2023-06-22T09:09:27.624Z: [vSANCorrelator] 789244634927us: [vob.vsan.lsom.congestionthreshold] LSOM SSDCong in 525b3aef-80ee-3579-ccd3-6a08508ab925 Congestion State: Exceeded. Congestion Threshold: 200 Current Congestion: 243.
2023-06-22T09:09:27.624Z: [vSANCorrelator] 789249074685us: [esx.problem.vsan.lsom.congestionthreshold] LSOM SSDCong in 525b3aef-80ee-3579-ccd3-6a08508ab925 Congestion State: Exceeded. Congestion Threshold: 200 Current Congestion: 243.
2023-06-22T09:10:27.634Z: [vSANCorrelator] 789304644243us: [vob.vsan.lsom.congestionthreshold] LSOM SSDCong in 525b3aef-80ee-3579-ccd3-6a08508ab925 Congestion State: Normal.
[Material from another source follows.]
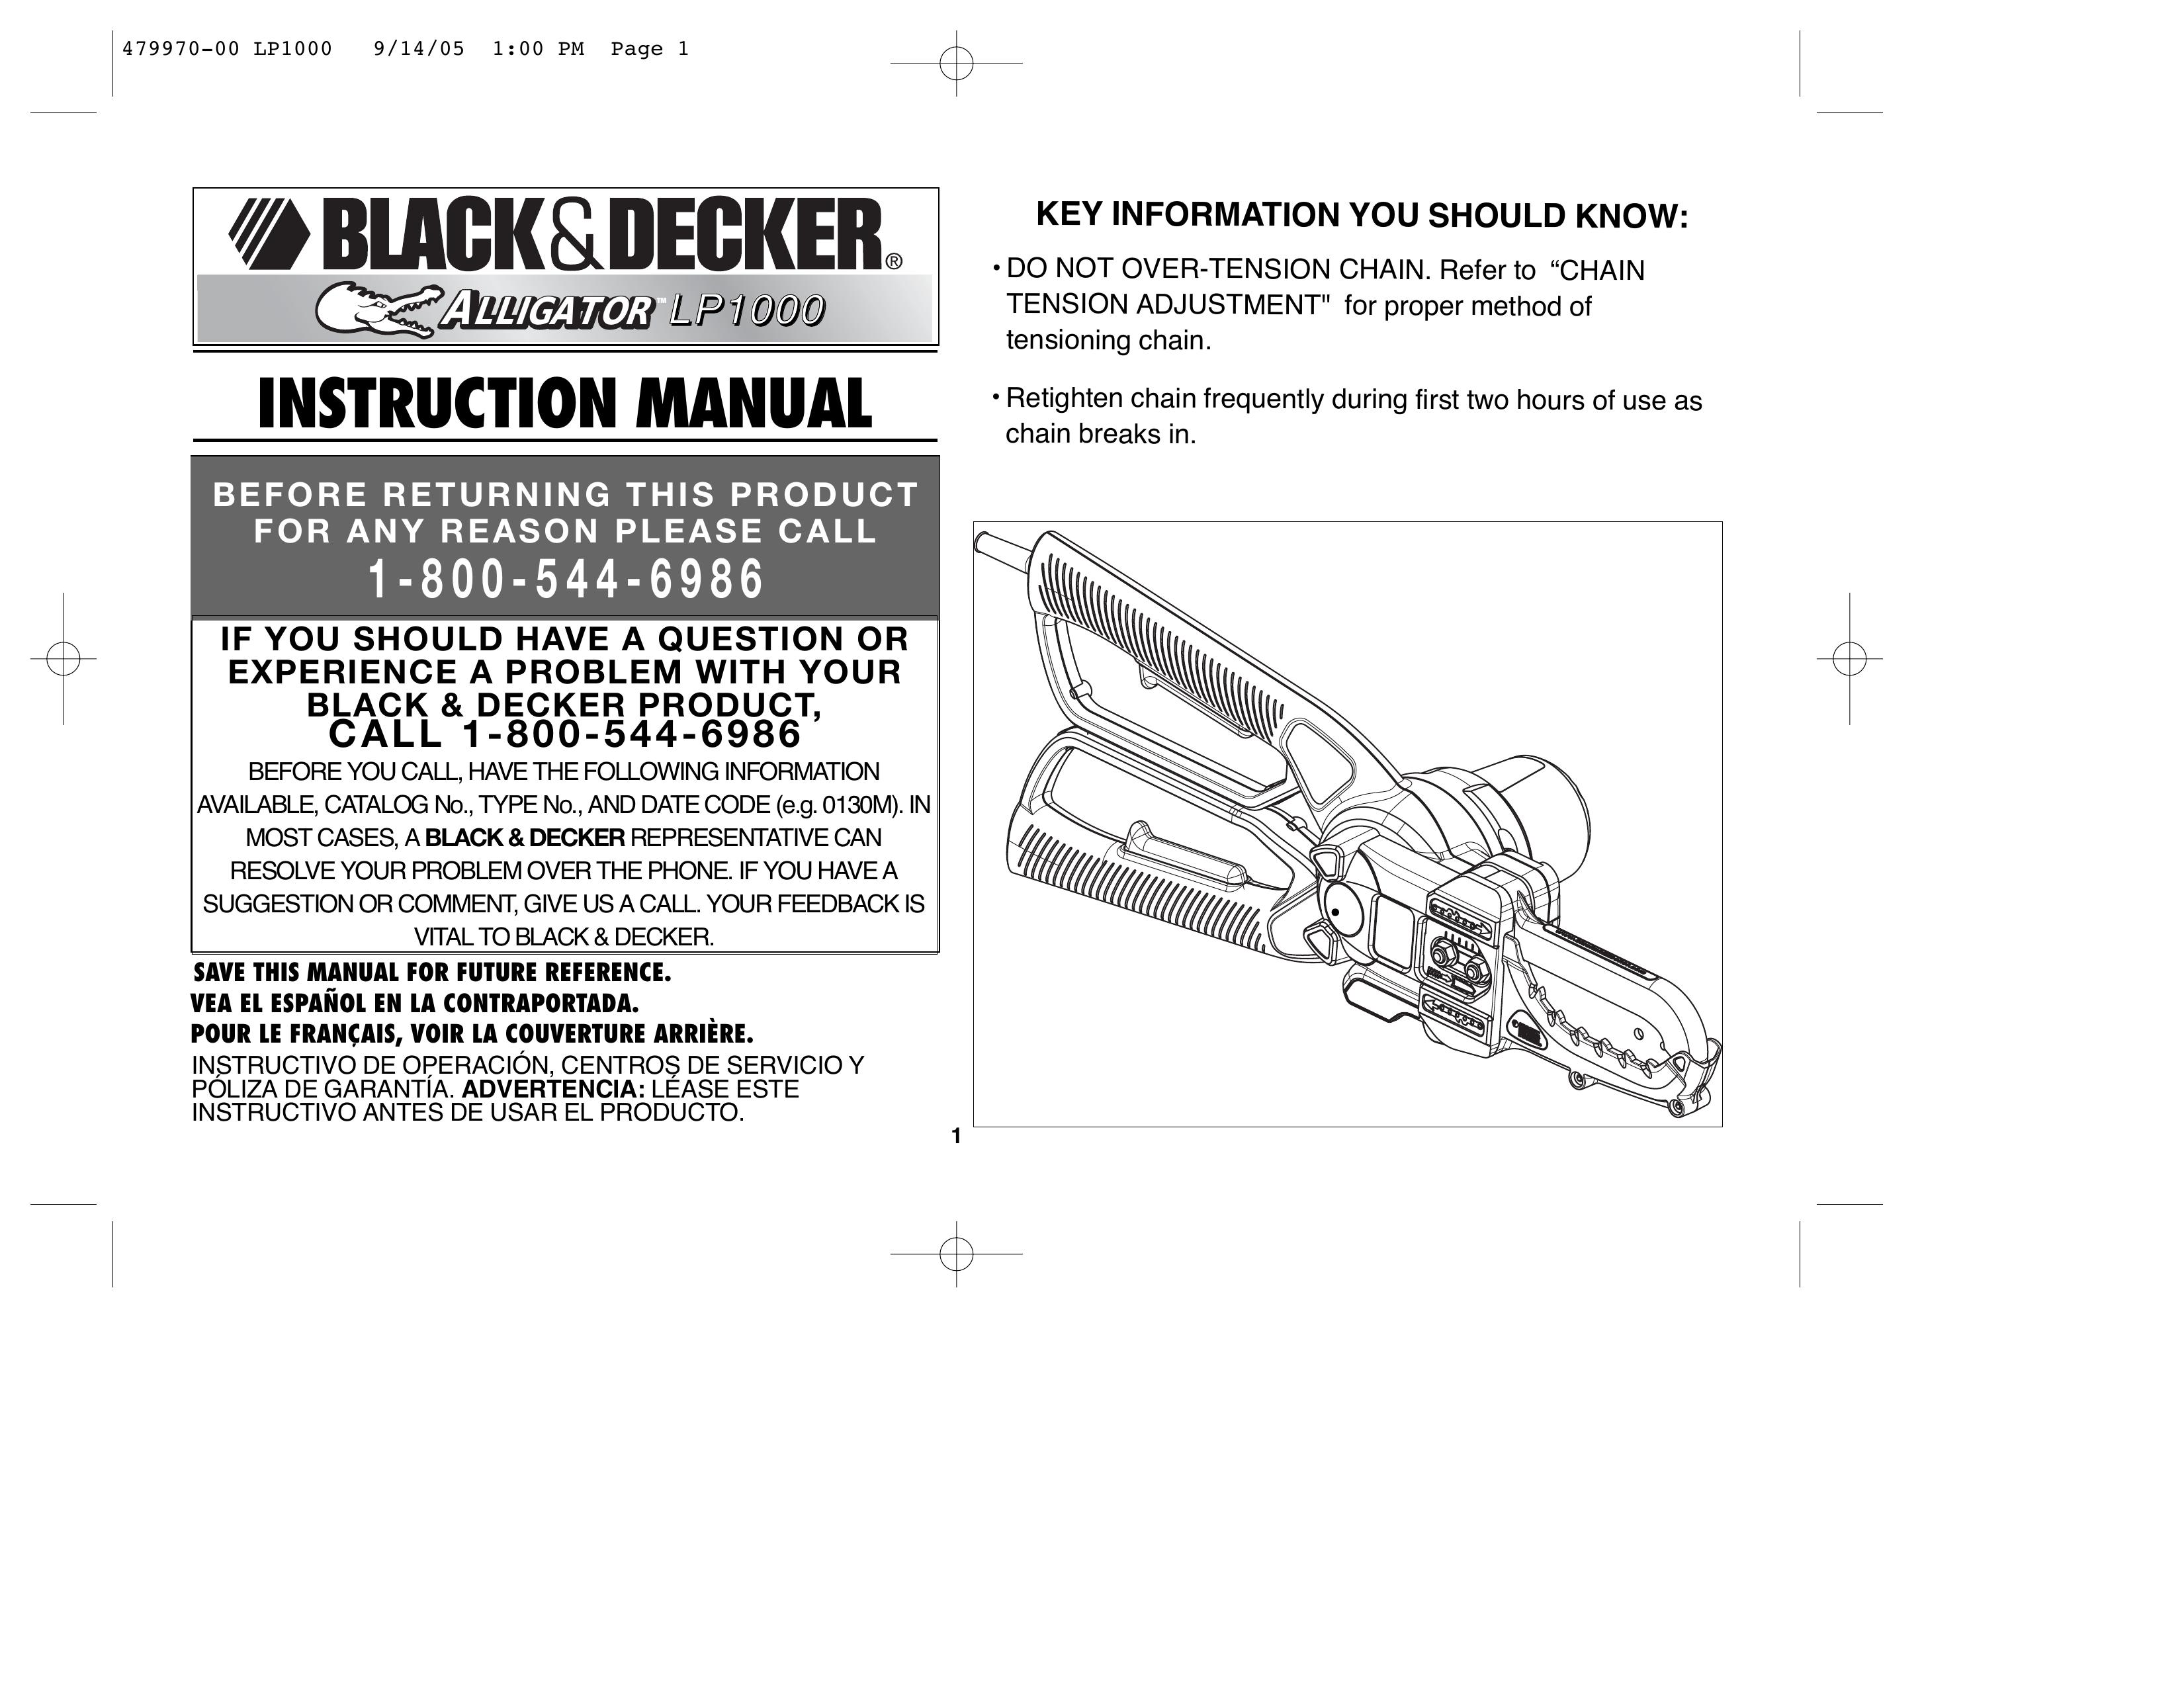 Black & Decker 479970-00 Lopper User Manual

Congestion Threshold: 200 Current Congestion: 0.
2023-06-22T09:10:27.634Z: [vSANCorrelator] 789309084437us: [esx.problem.vsan.lsom.congestionthreshold] LSOM SSDCong in 525b3aef-80ee-3579-ccd3-6a08508ab925 Congestion State: Normal. Congestion Threshold: 200 Current Congestion: 0

vobd log may also report PDL events:

2023-06-22T08:24:02.921Z: [vSANCorrelator] 786519949736us: [vob.vsan.pdl.offline] vSAN device 528e93c3-4e51-93ad-c5e3-8a4d7eb2a60c has gone offline.
2023-06-22T08:24:02.922Z: [vSANCorrelator] 786524371797us: [esx.problem.vob.vsan.pdl.offline] vSAN device 528e93c3-4e51-93ad-c5e3-8a4d7eb2a60c has gone offline.
2023-06-22T08:24:02.922Z: [vSANCorrelator] 786519949748us: [vob.vsan.pdl.offline] vSAN device 525f86bd-592d-631b-3bb9-1399d4509366 has gone offline.
2023-06-22T08:24:02.922Z: [vSANCorrelator] 786524371895us: [esx.problem.vob.vsan.pdl.offline] vSAN device 525f86bd-592d-631b-3bb9-1399d4509366 has gone offline.
2023-06-22T08:24:02.922Z: [vSANCorrelator] 786519949774us: [vob.vsan.pdl.offline] vSAN device 5259a7a1-763c-4101-38cb-da53332fa649 has gone offline.
2023-06-22T08:24:02.922Z: [vSANCorrelator] 786524371939us: [esx.problem.vob.vsan.pdl.offline] vSAN device 5259a7a1-763c-4101-38cb-da53332fa649 has gone offline.
2023-06-22T08:24:04.915Z: [vSANCorrelator] 786521943100us: [vob.vsan.pdl.offline] vSAN device 5272ae62-10a6-6e84-f3ee-498673d9c5e8 has gone offline.
2023-06-22T08:24:04.915Z: [vSANCorrelator] 786526364980us: [esx.problem.vob.vsan.pdl.offline] vSAN device 5272ae62-10a6-6e84

Environment

VMware vSAN

Cause

Quiesce operations can not complete if I/O operation is still pending to the device. In some cases of stuck I/O, device may neither acknowledge completion of the I/O operation (ACK), nor it does honor ABORT request coming from the driver. This may cause a race condition.

Resolution

Issue may manifest seen in ESXi version 7.0.3 P07 and 8.0.x, fixed in version ESXi 7.0.3 P09 and ESXi 8.0.3.0 (8.0U3)

Workaround:

Power off all the virtual machines on the host if vMotion of the VMs is not possible.
Put impacted host into maintenance mode with "No Data Migration" as "Ensure Accessibility" will most likely fail.
If Maintenance Mode from UI does not work, node should be sent into Maintenance from CLI with:
localcli system maintenanceMode set -e true -m noAction
Once node is in Maintenance Mode a shutdown is preferred over reboot, to help with re-initialization of physical devices.
Power the node back up and attempt to vMotion VMs to another nodes.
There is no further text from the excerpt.